** INPUT DATA follows **

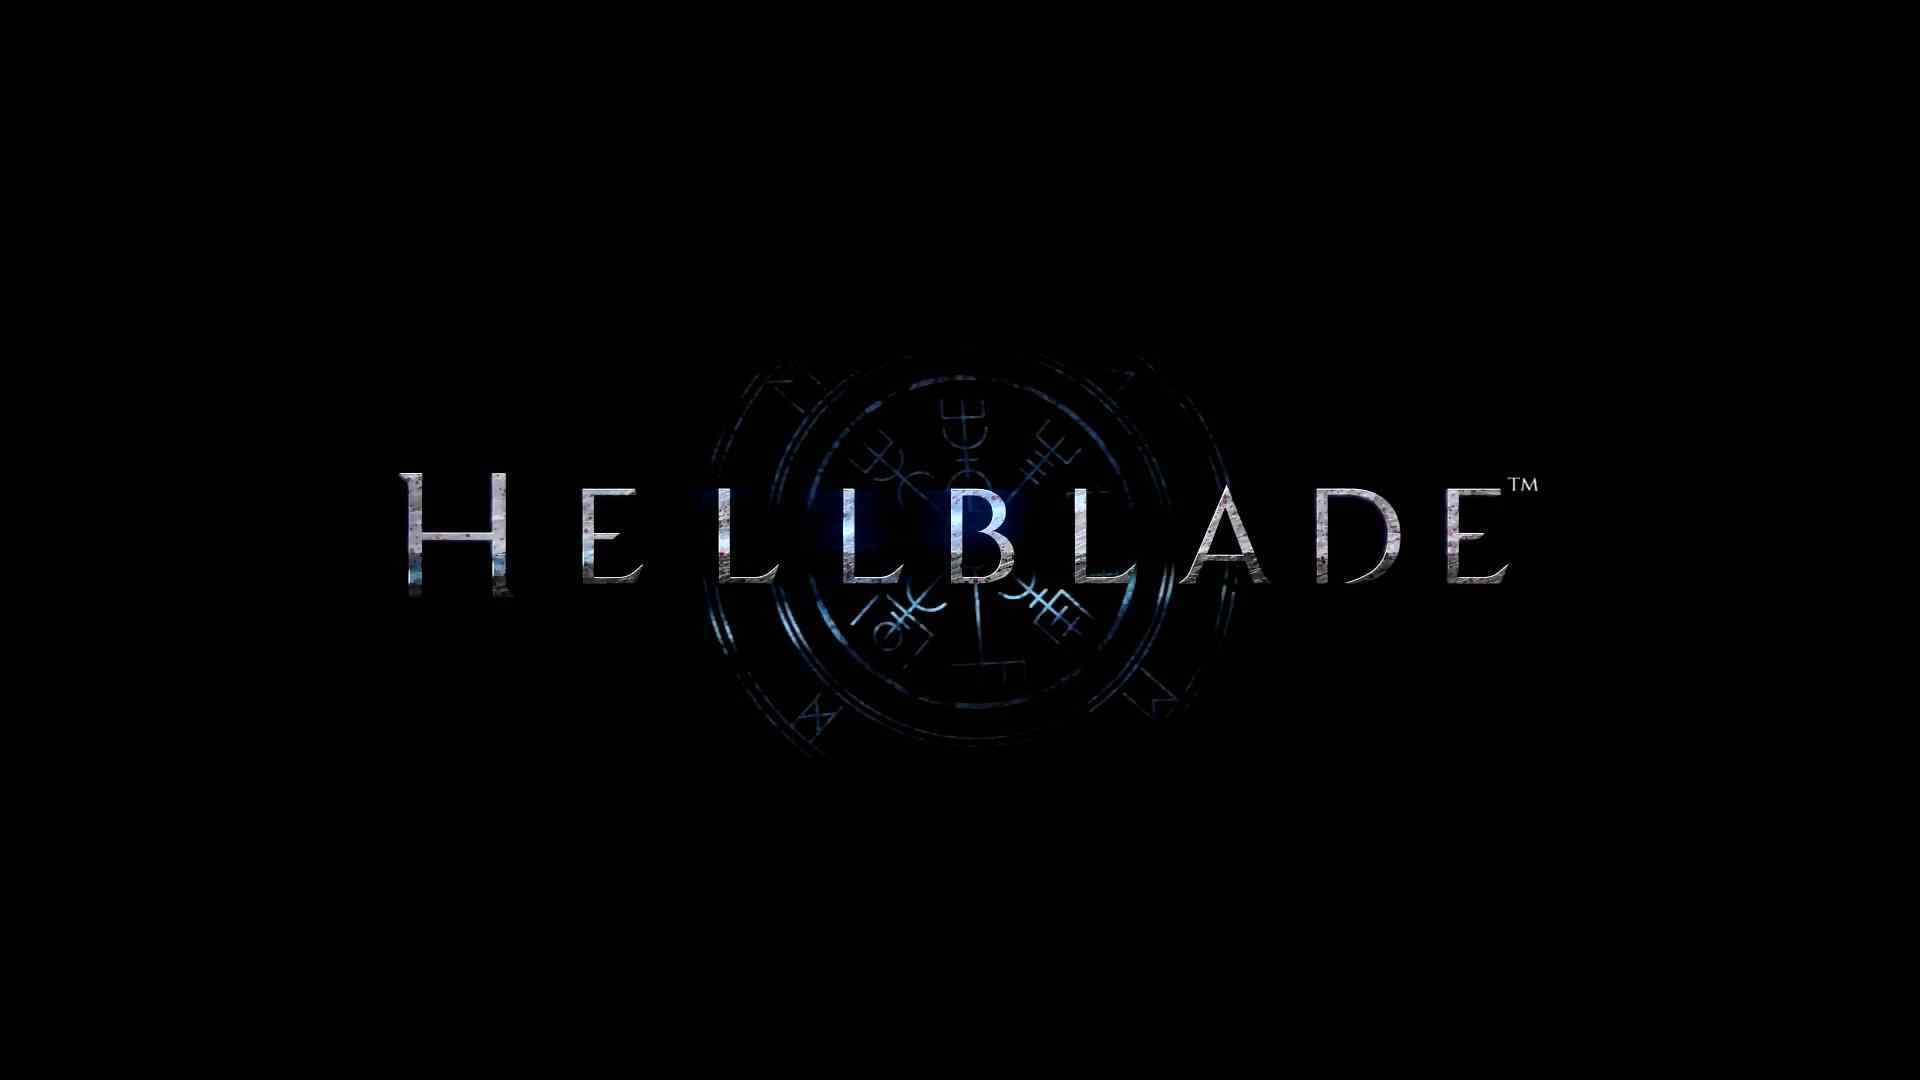 Hellblade: Senua's Sacrifice Wallpaper Image Photo Picture
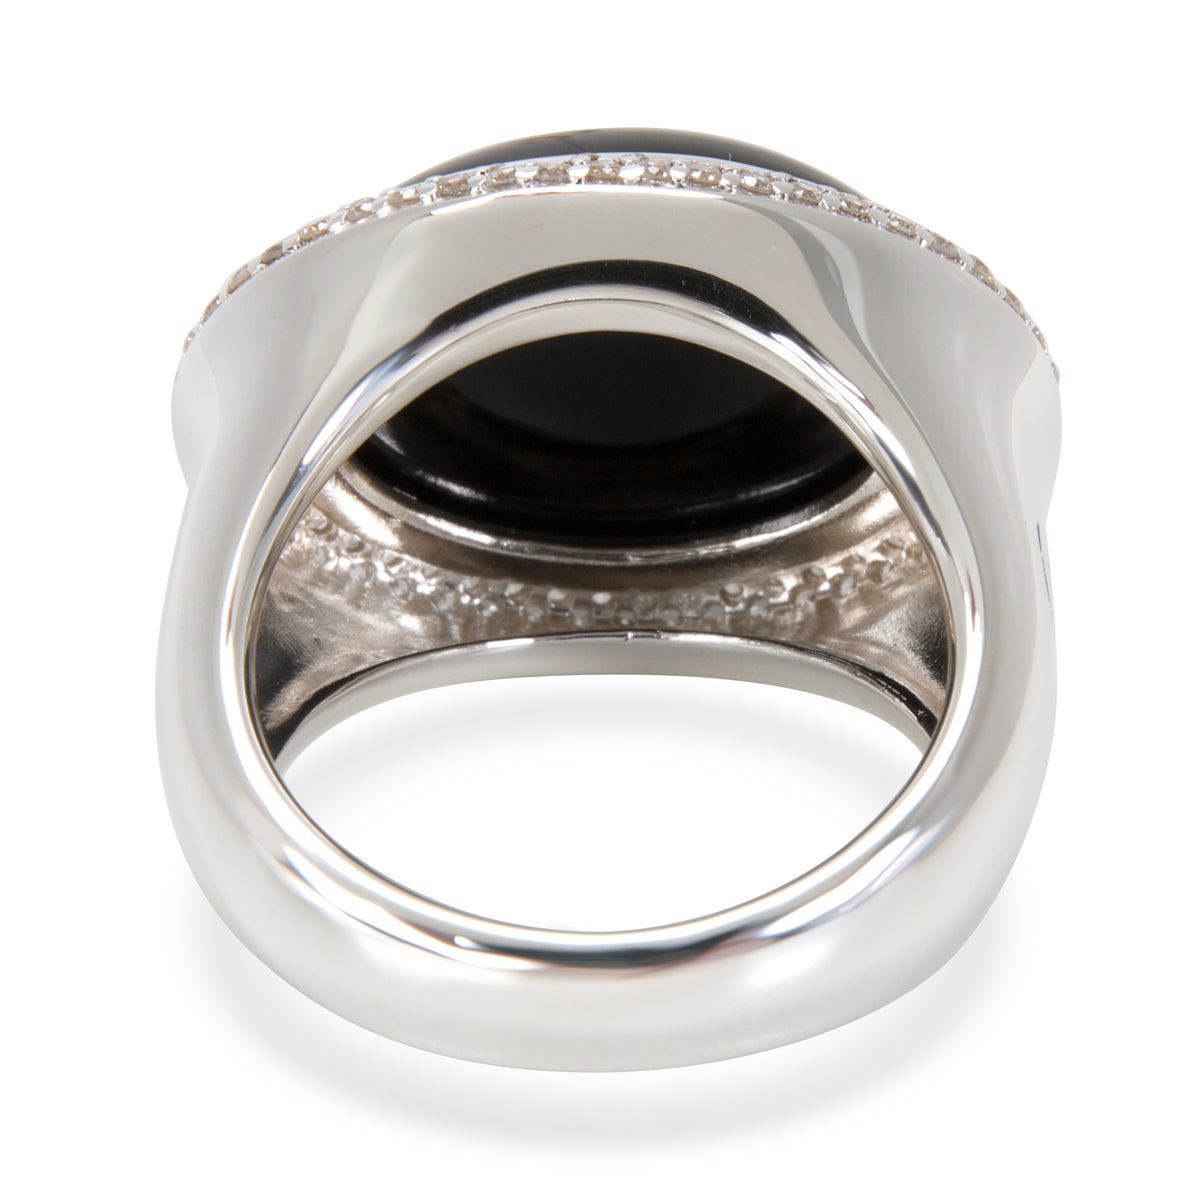 David Yurman Signature Oval Onyx & Diamond Ring in Sterling Silver
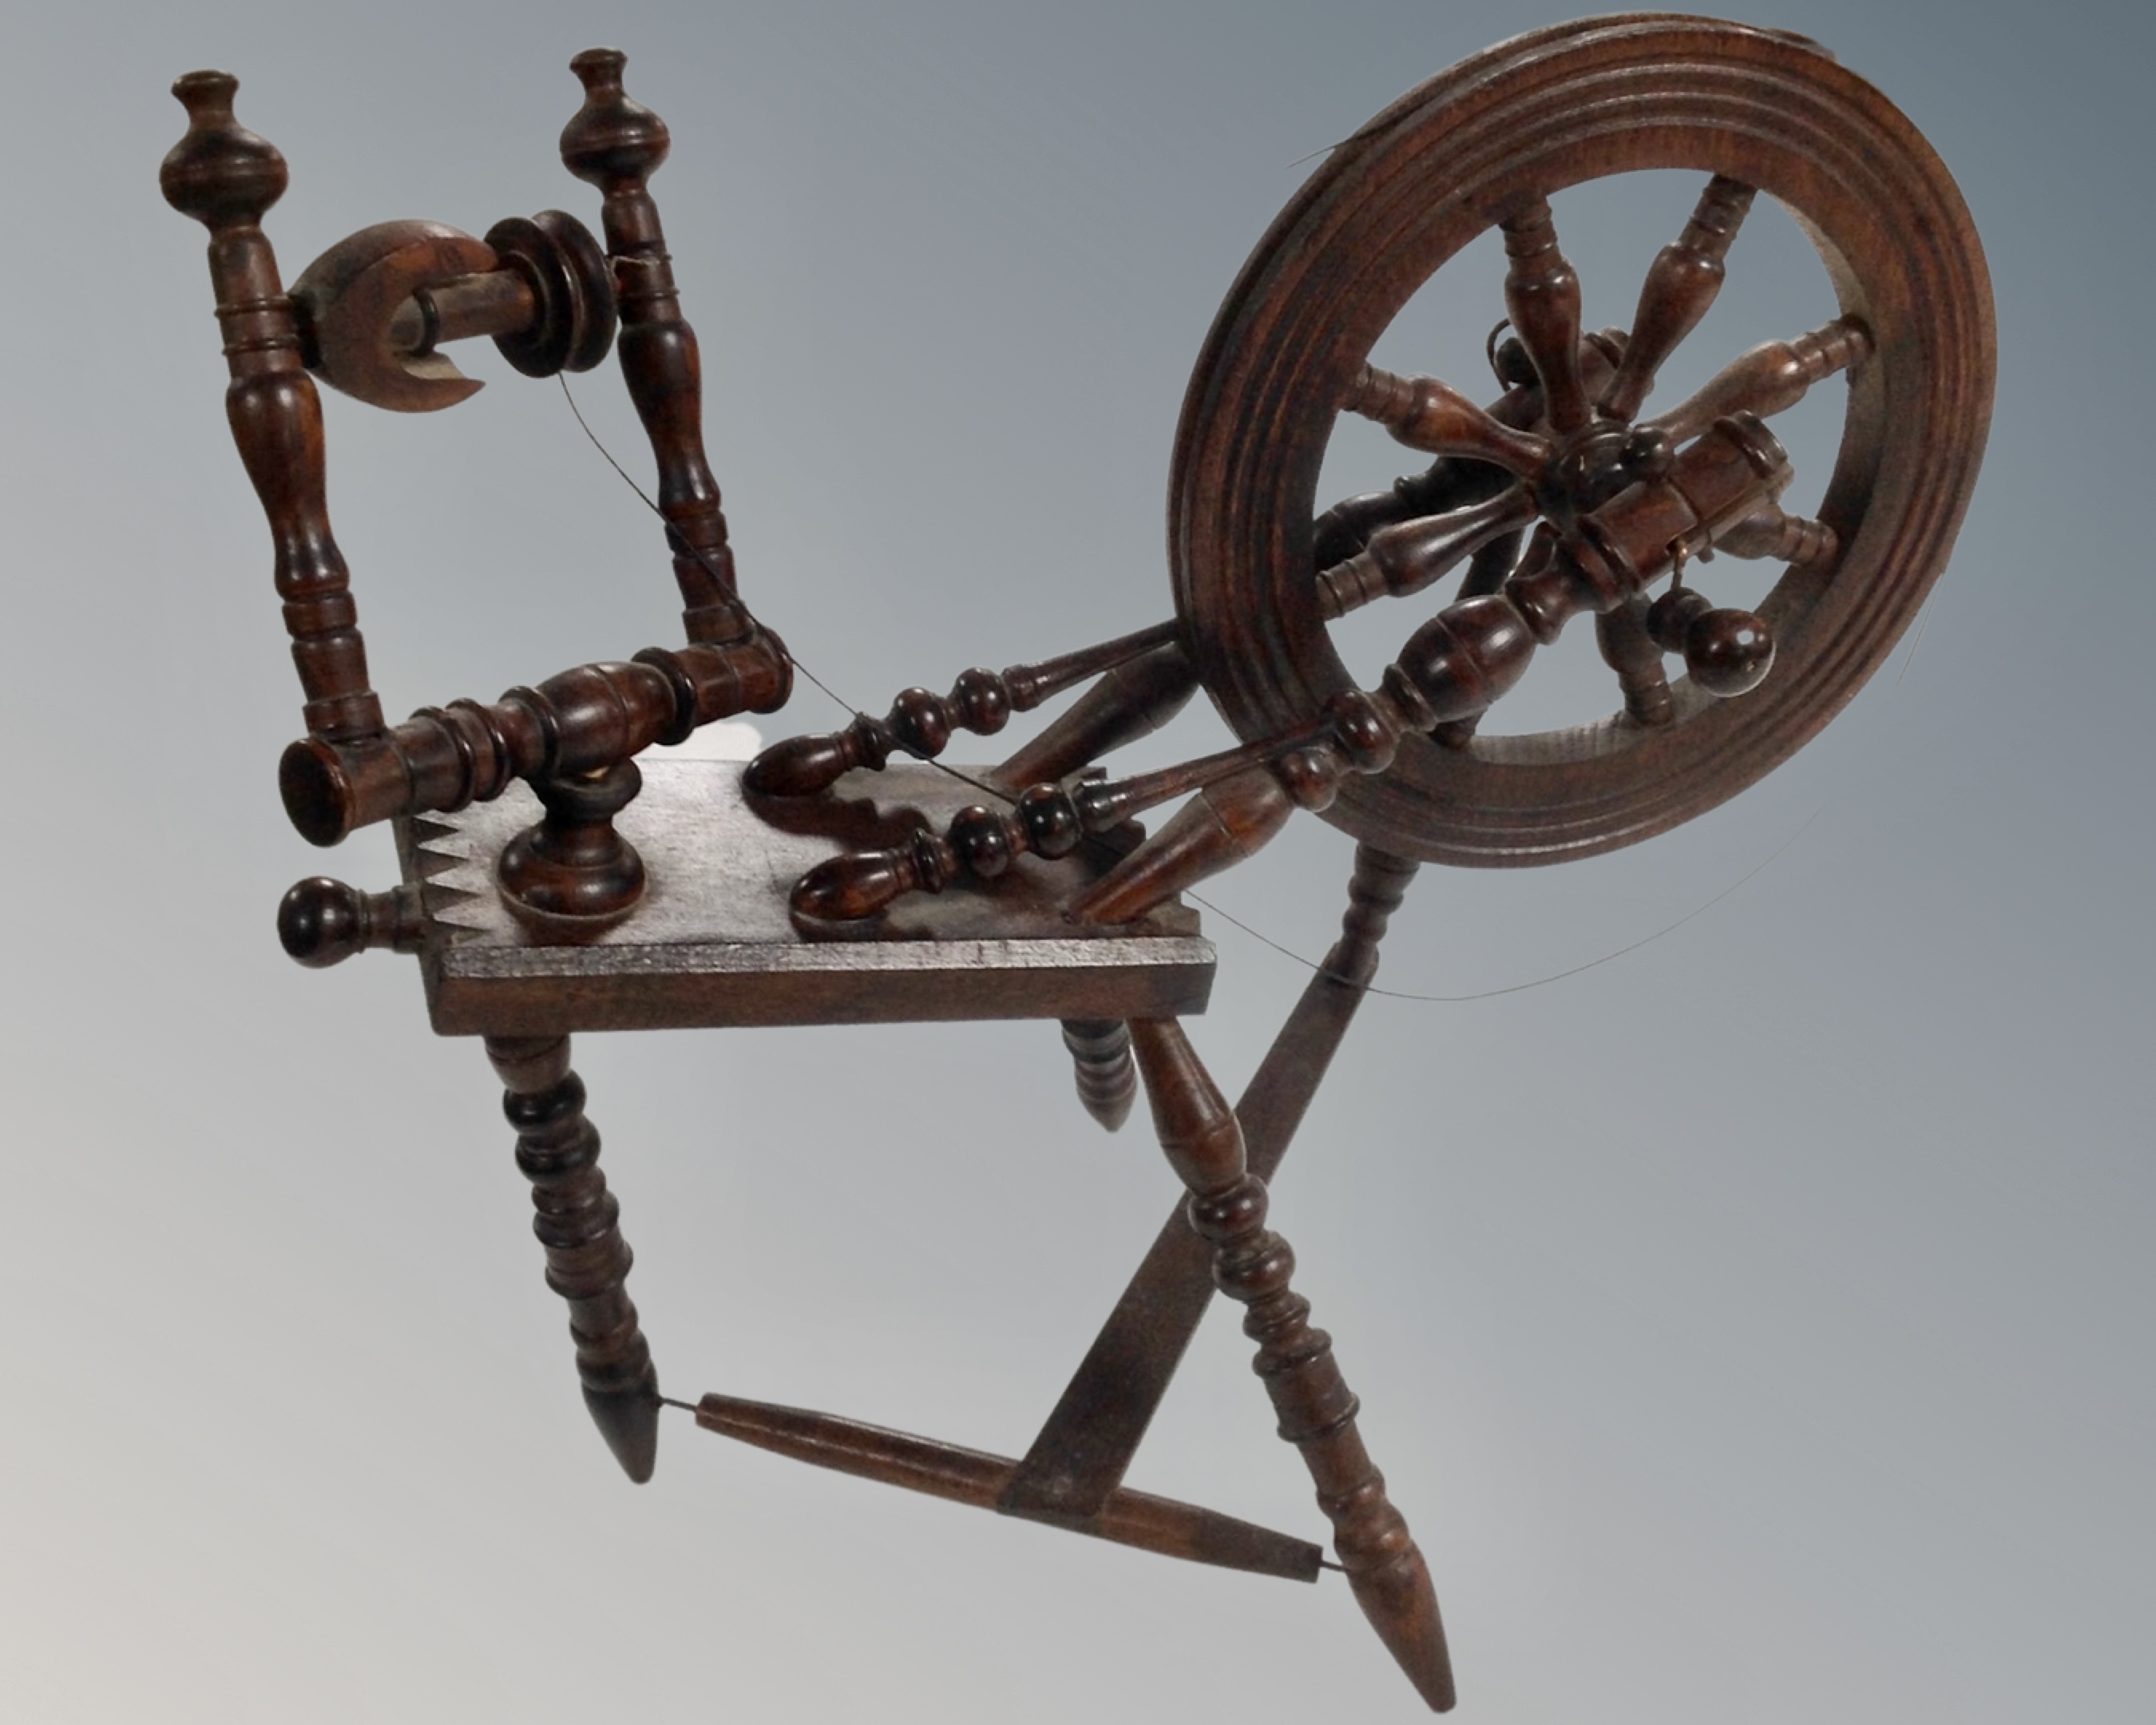 A miniature antique spinning wheel.

** End of INPUT DATA **

> **EXERCISE DETAILS**:
If the data includes images, omit them, and set down everything else exactly as above.

> **SOLUTION BELOW**:
 Hellblade: Senua's Sacrifice Wallpaper Image Photo Picture
 David Yurman Signature Oval Onyx & Diamond Ring in Sterling Silver
 A miniature antique spinning wheel.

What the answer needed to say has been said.